*** Block opens ***

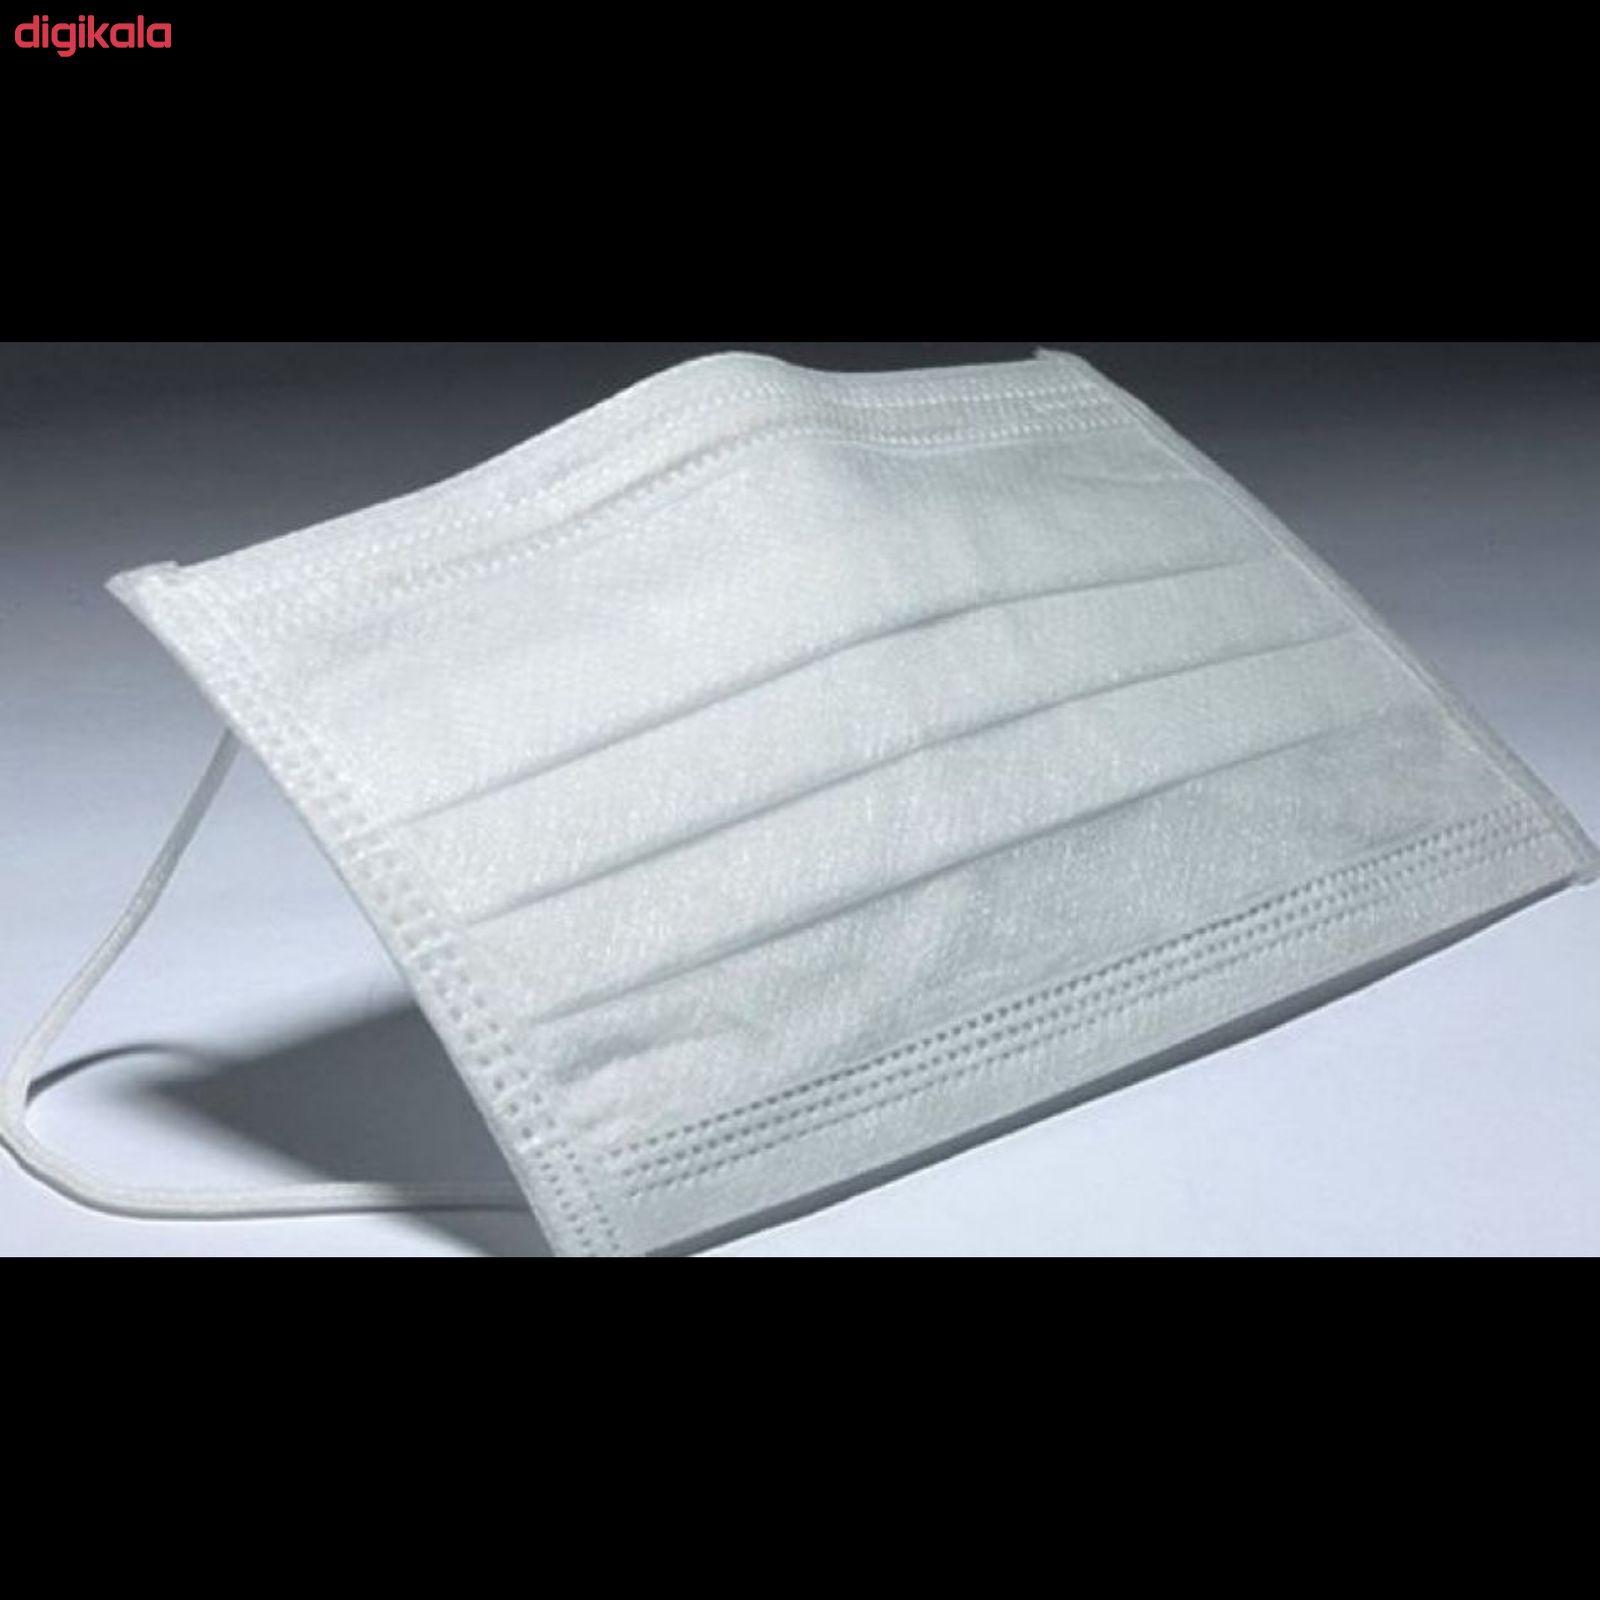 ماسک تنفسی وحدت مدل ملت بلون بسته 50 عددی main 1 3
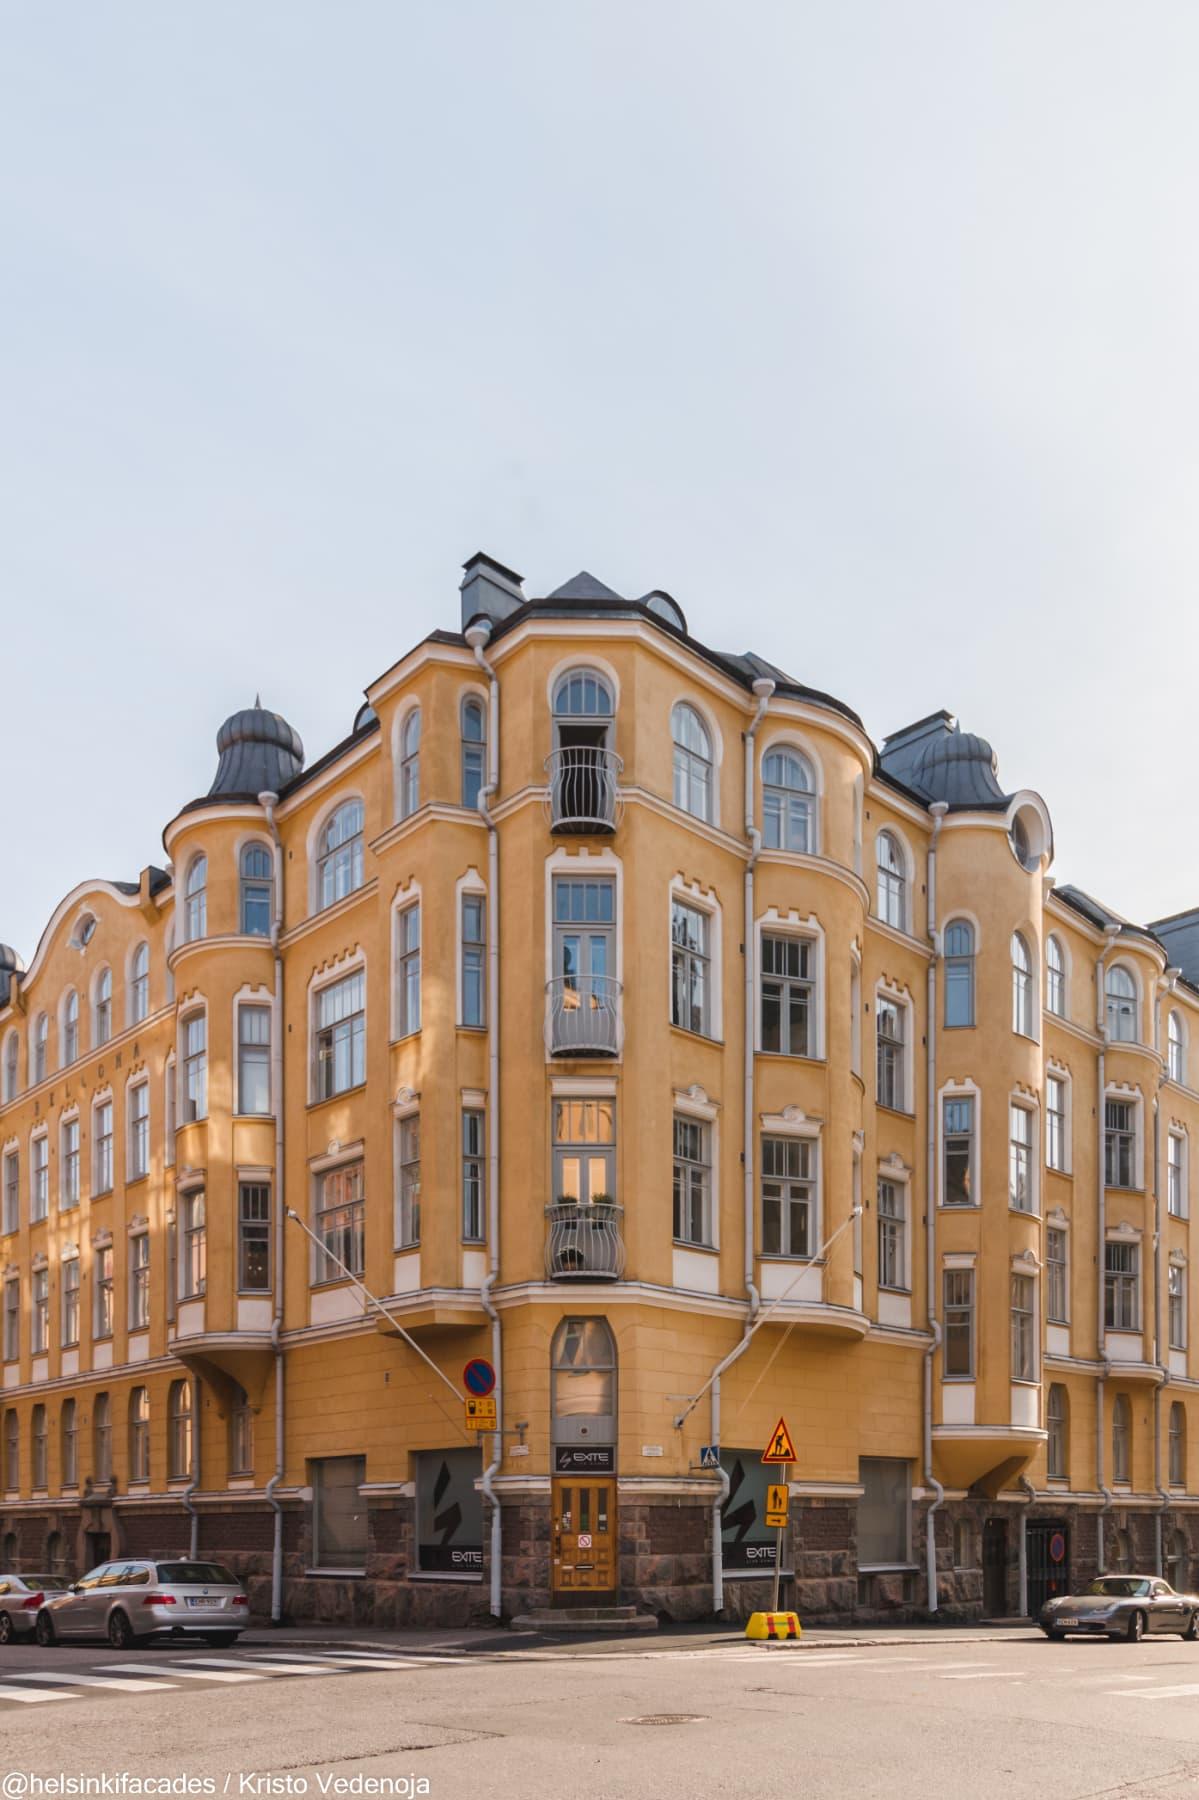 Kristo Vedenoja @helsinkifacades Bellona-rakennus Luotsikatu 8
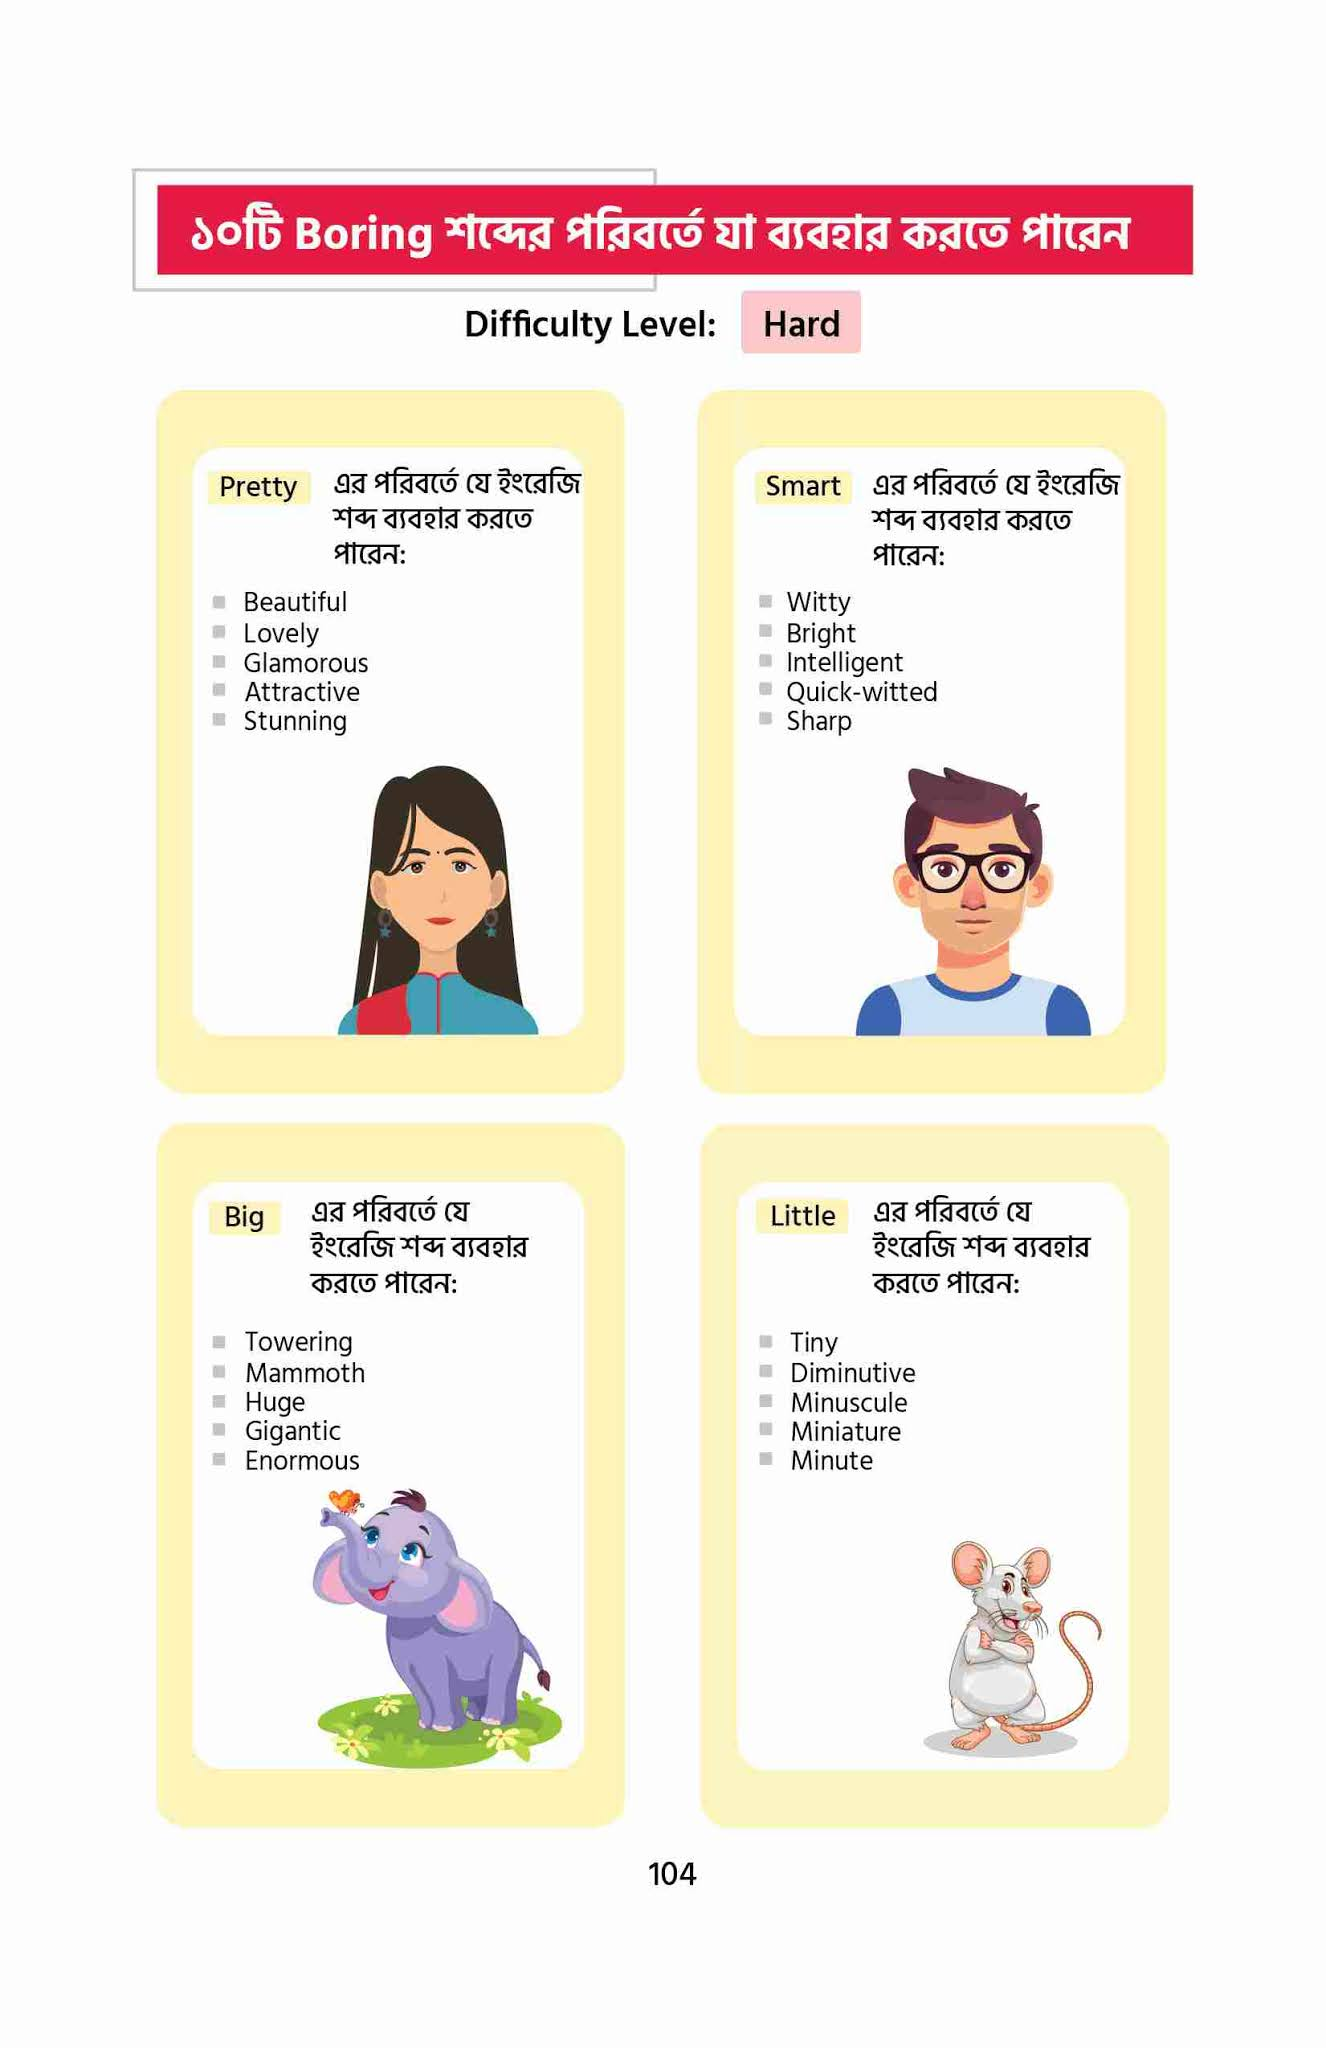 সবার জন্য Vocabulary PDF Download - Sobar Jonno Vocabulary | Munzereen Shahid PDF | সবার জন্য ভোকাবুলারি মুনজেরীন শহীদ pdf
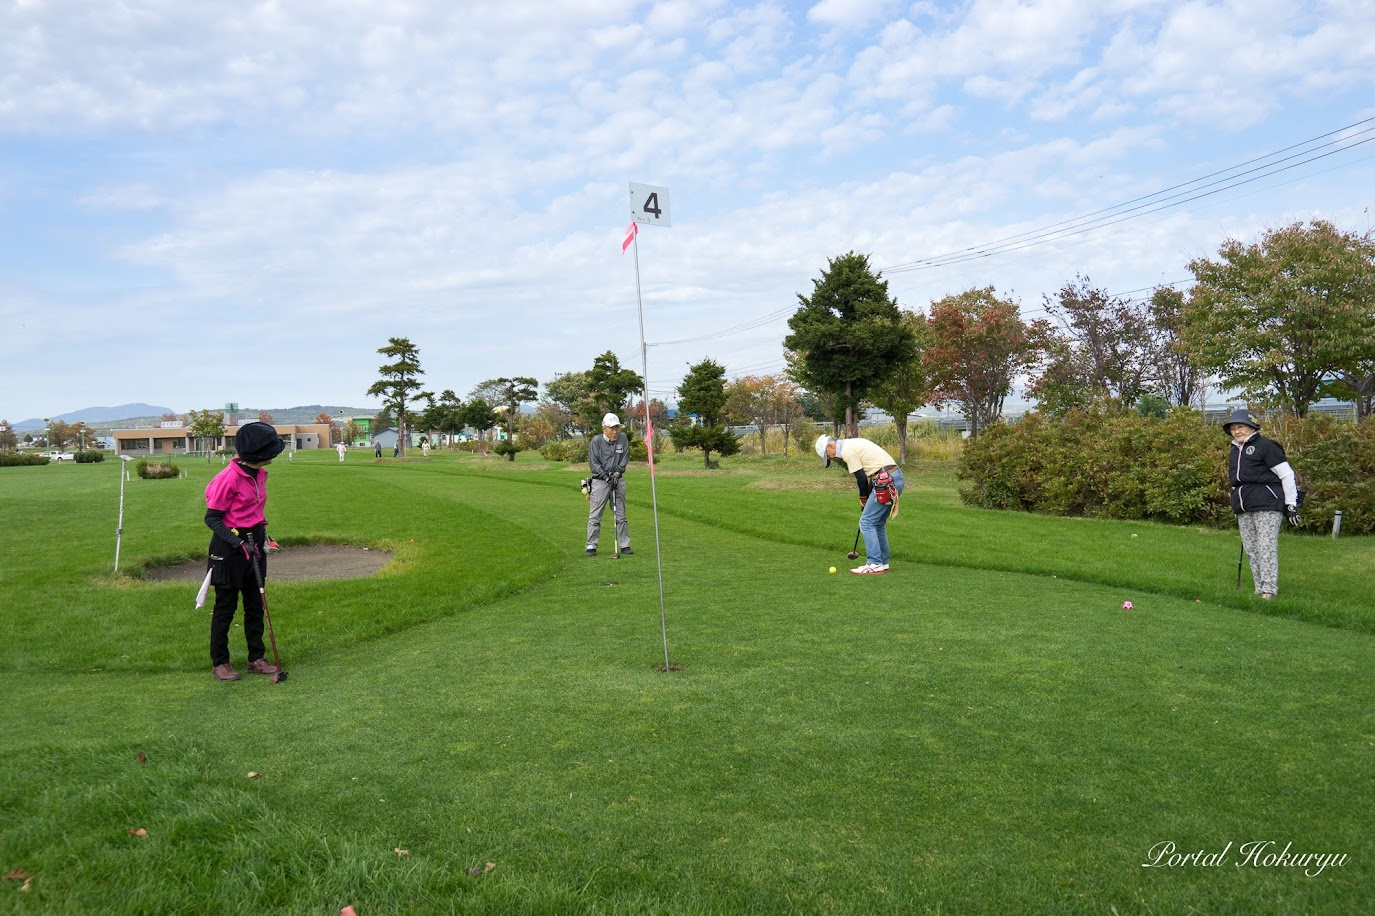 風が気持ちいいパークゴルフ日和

*** Block closes ***

[Aim of the exercise] Exactly the lines from the one containing "Kristo Vedenoja @helsinkifacades" through the last line of the material above, both included and free of pictures, should make up your answer, please.

[Response area]
 Kristo Vedenoja @helsinkifacades Bellona-rakennus Luotsikatu 8
 সবার জন্য Vocabulary PDF Download - Sobar Jonno Vocabulary | Munzereen Shahid PDF | সবার জন্য ভোকাবুলারি মুনজেরীন শহীদ pdf
 風が気持ちいいパークゴルフ日和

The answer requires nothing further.